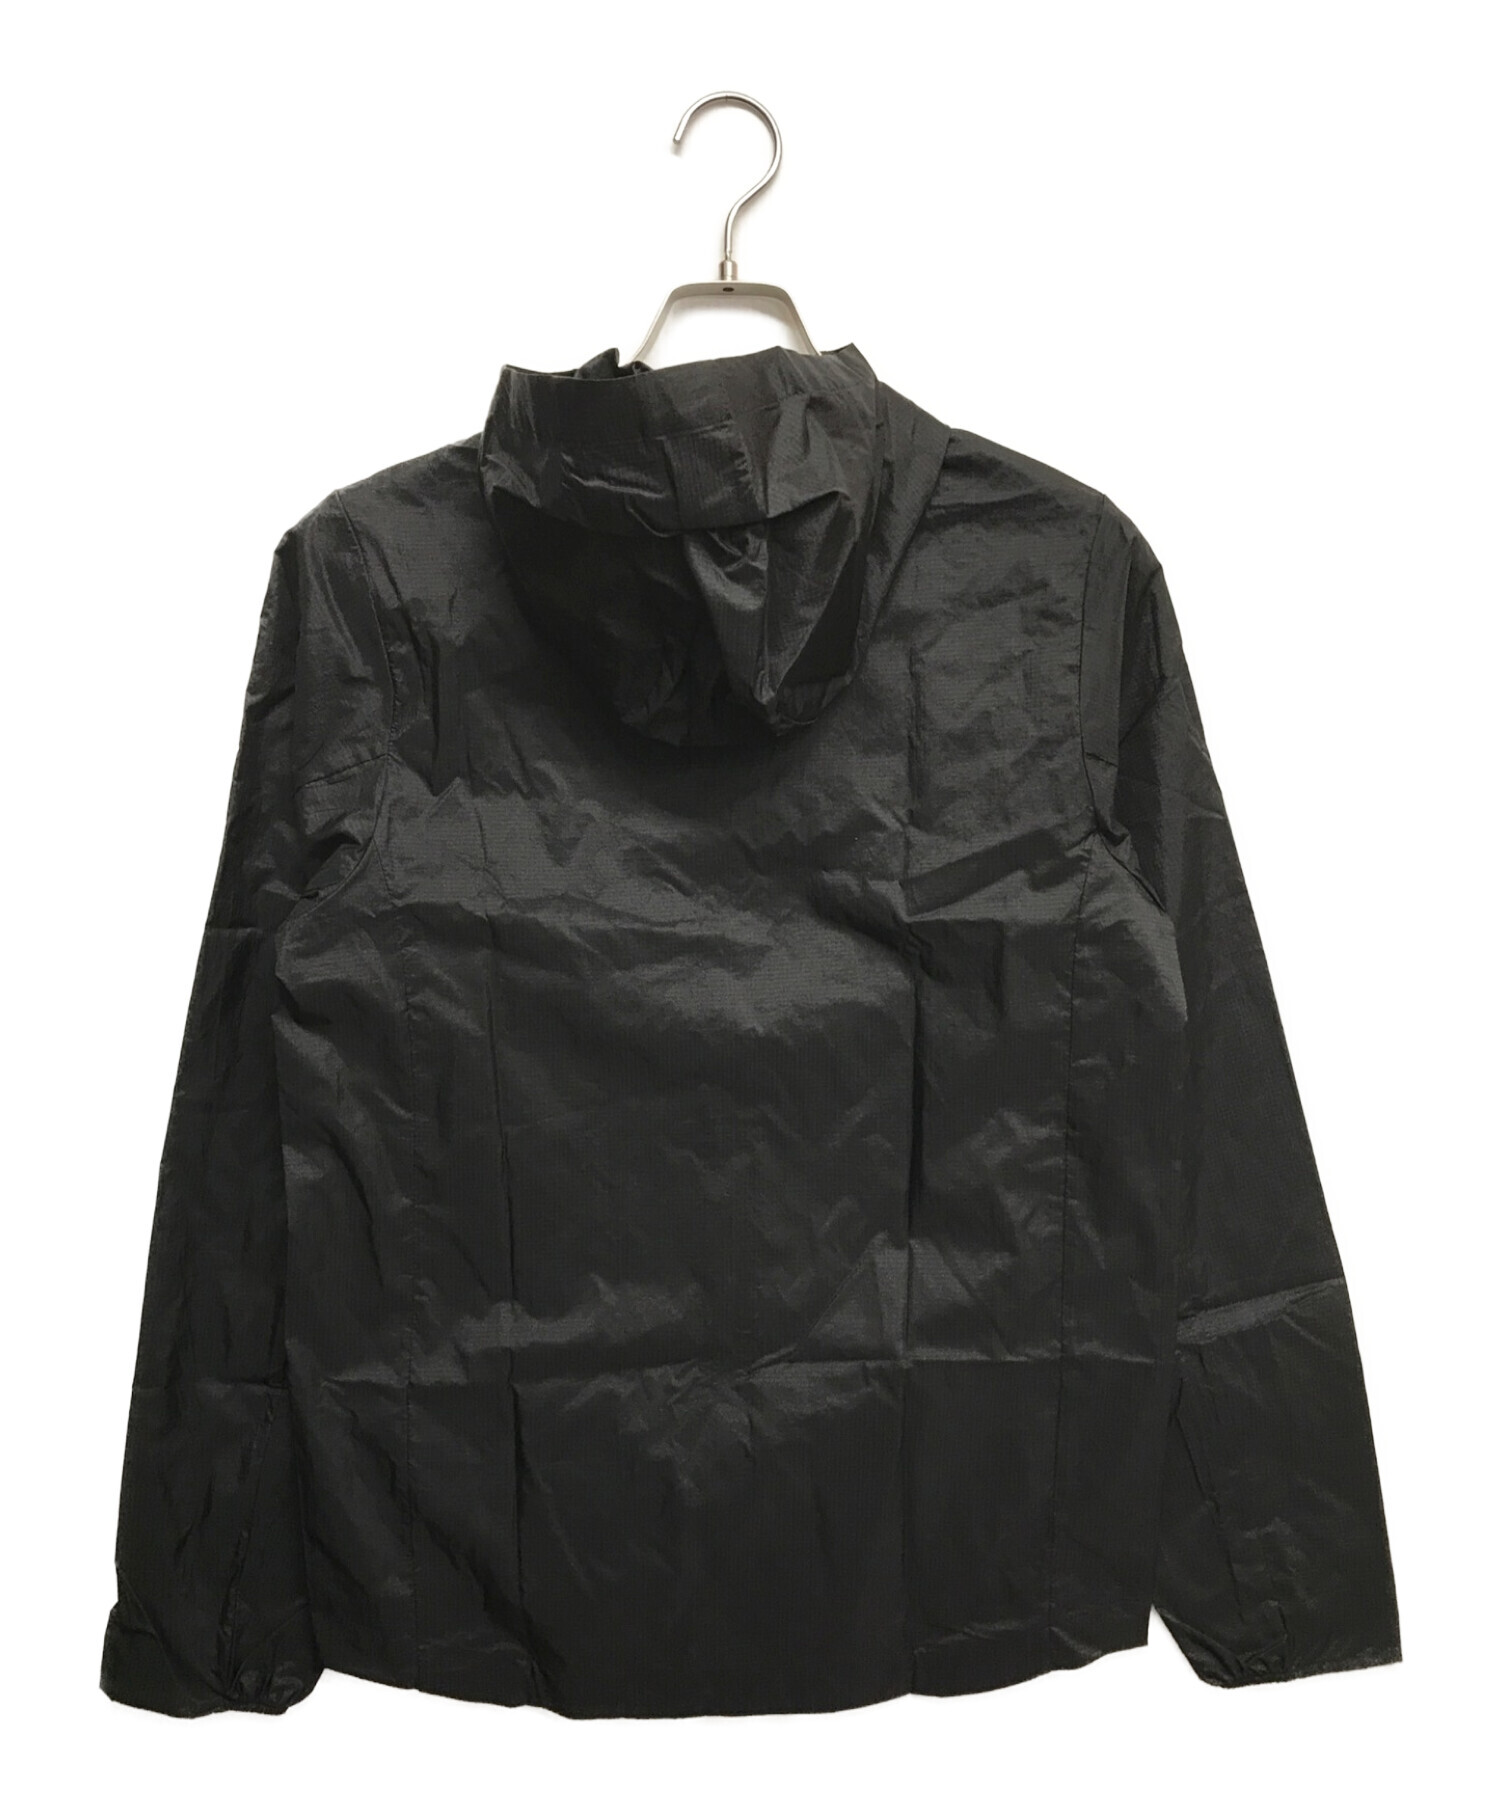 Patagonia (パタゴニア) フーディニジャケット ブラック サイズ:XS
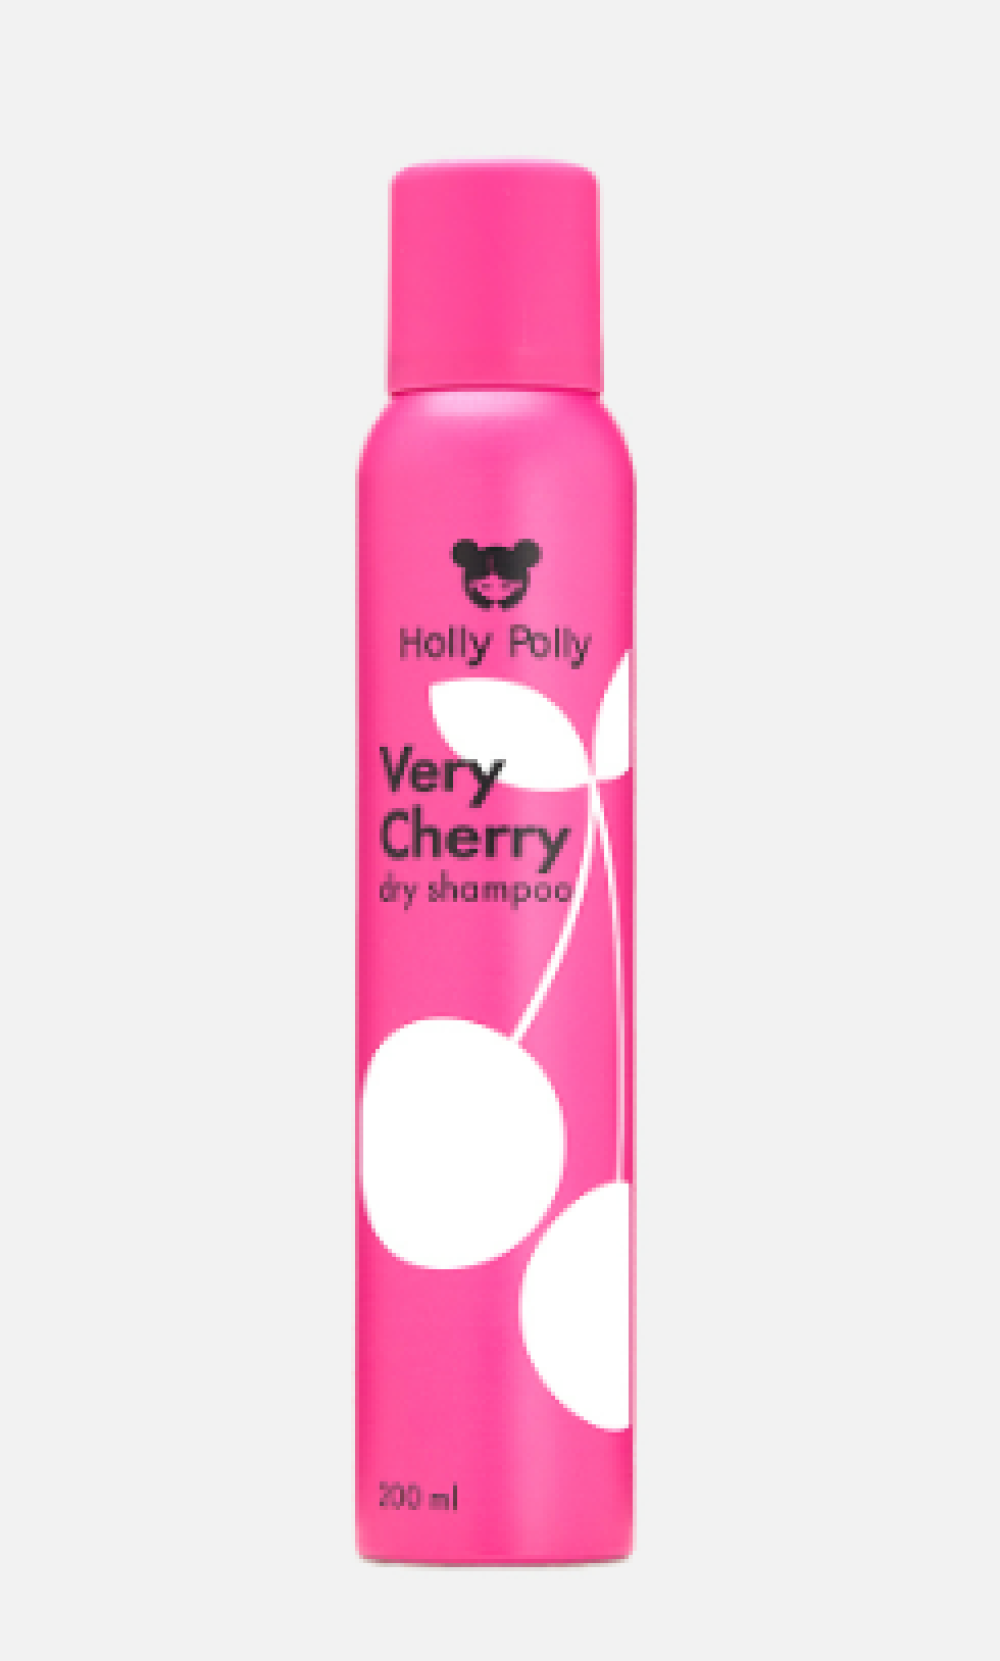 Сухой шампунь Holly Polly Dry Shampoo "Very Cherry", 200мл
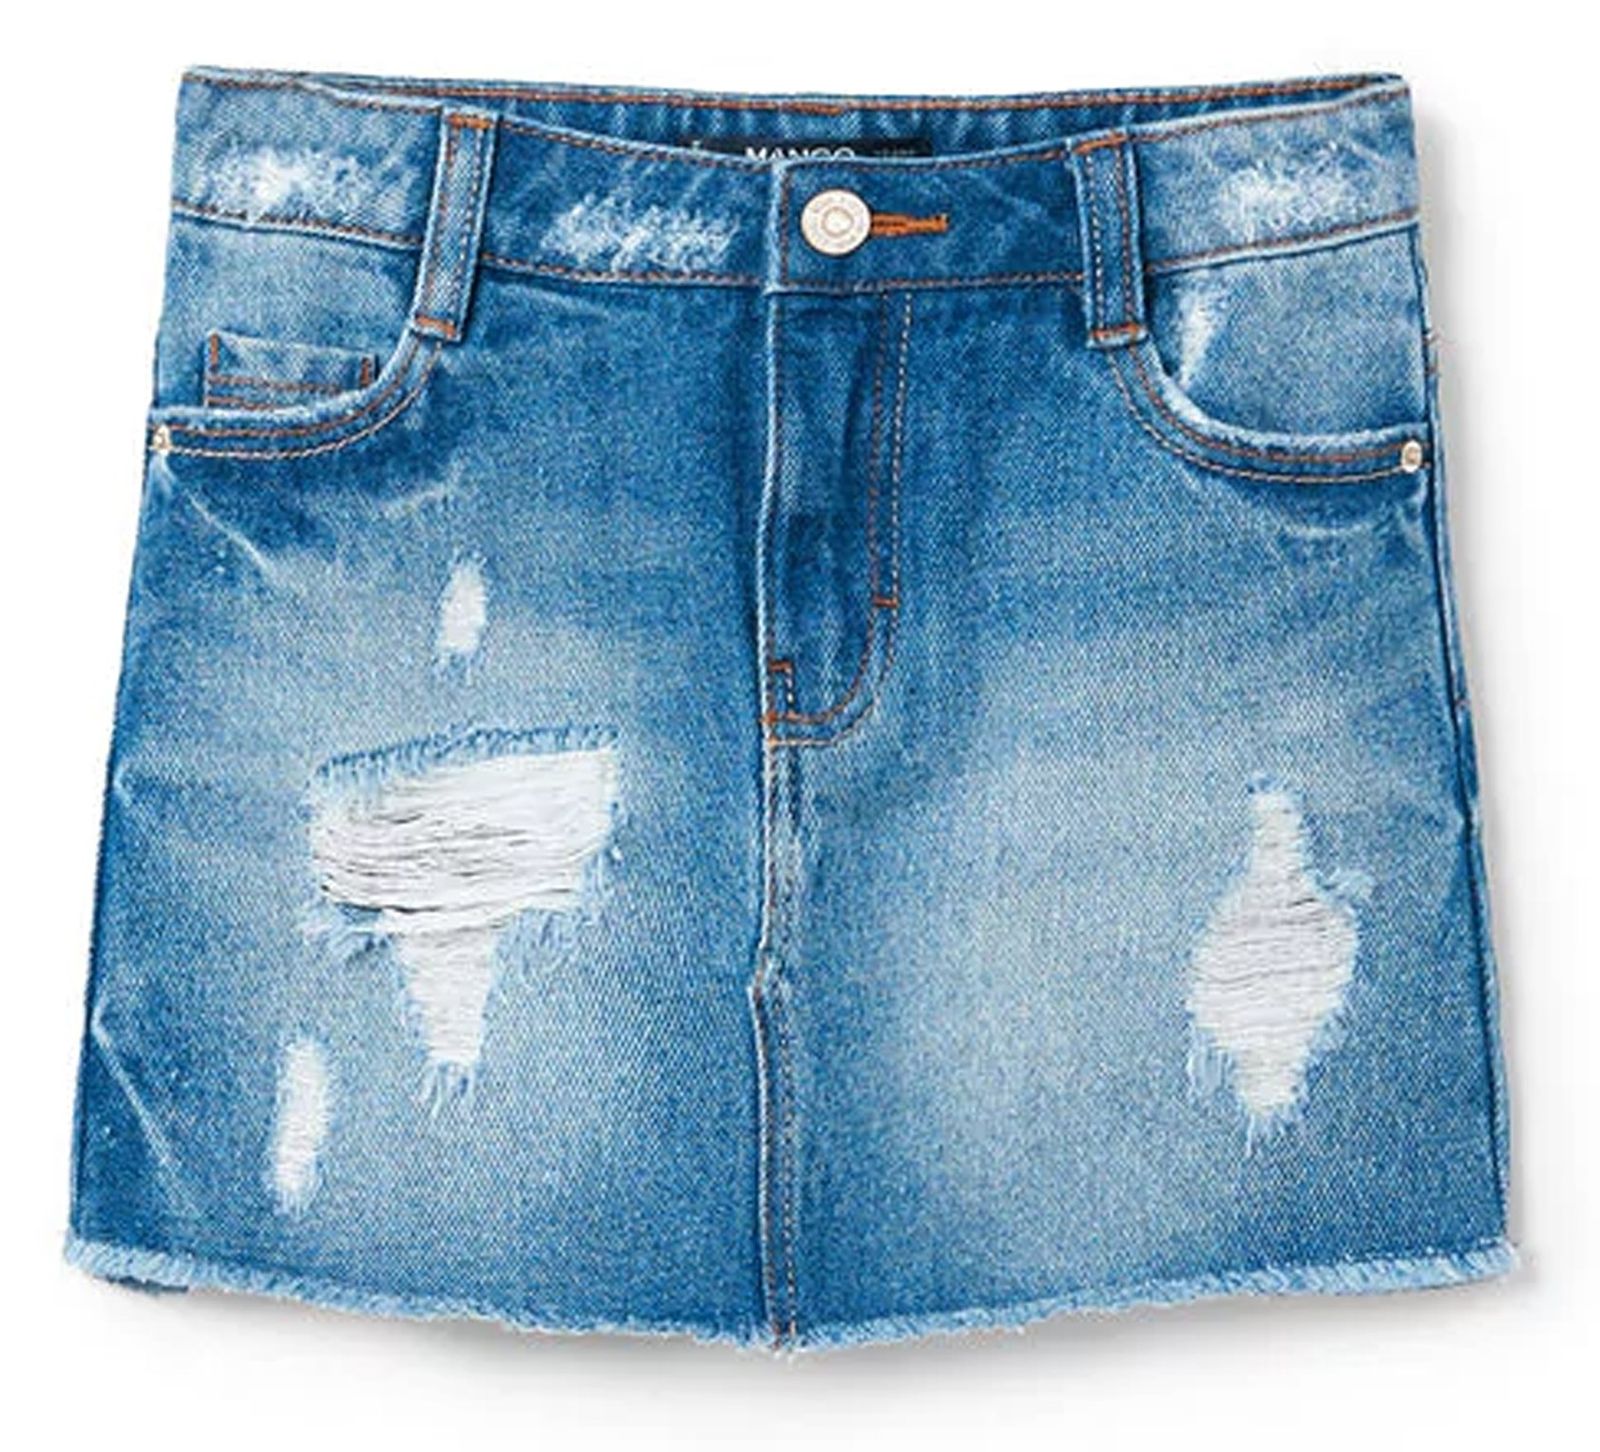 دامن جین کوتاه دخترانه - مانگو - آبي - 1

EXERCISE DETAILS: Print the listing exactly, but skip its pictures.

FINISHED EXERCISE:
 Patagonia (パタゴニア) フーディニジャケット ブラック サイズ:XS
 Сухой шампунь Holly Polly Dry Shampoo "Very Cherry", 200мл
 دامن جین کوتاه دخترانه - مانگو - آبي - 1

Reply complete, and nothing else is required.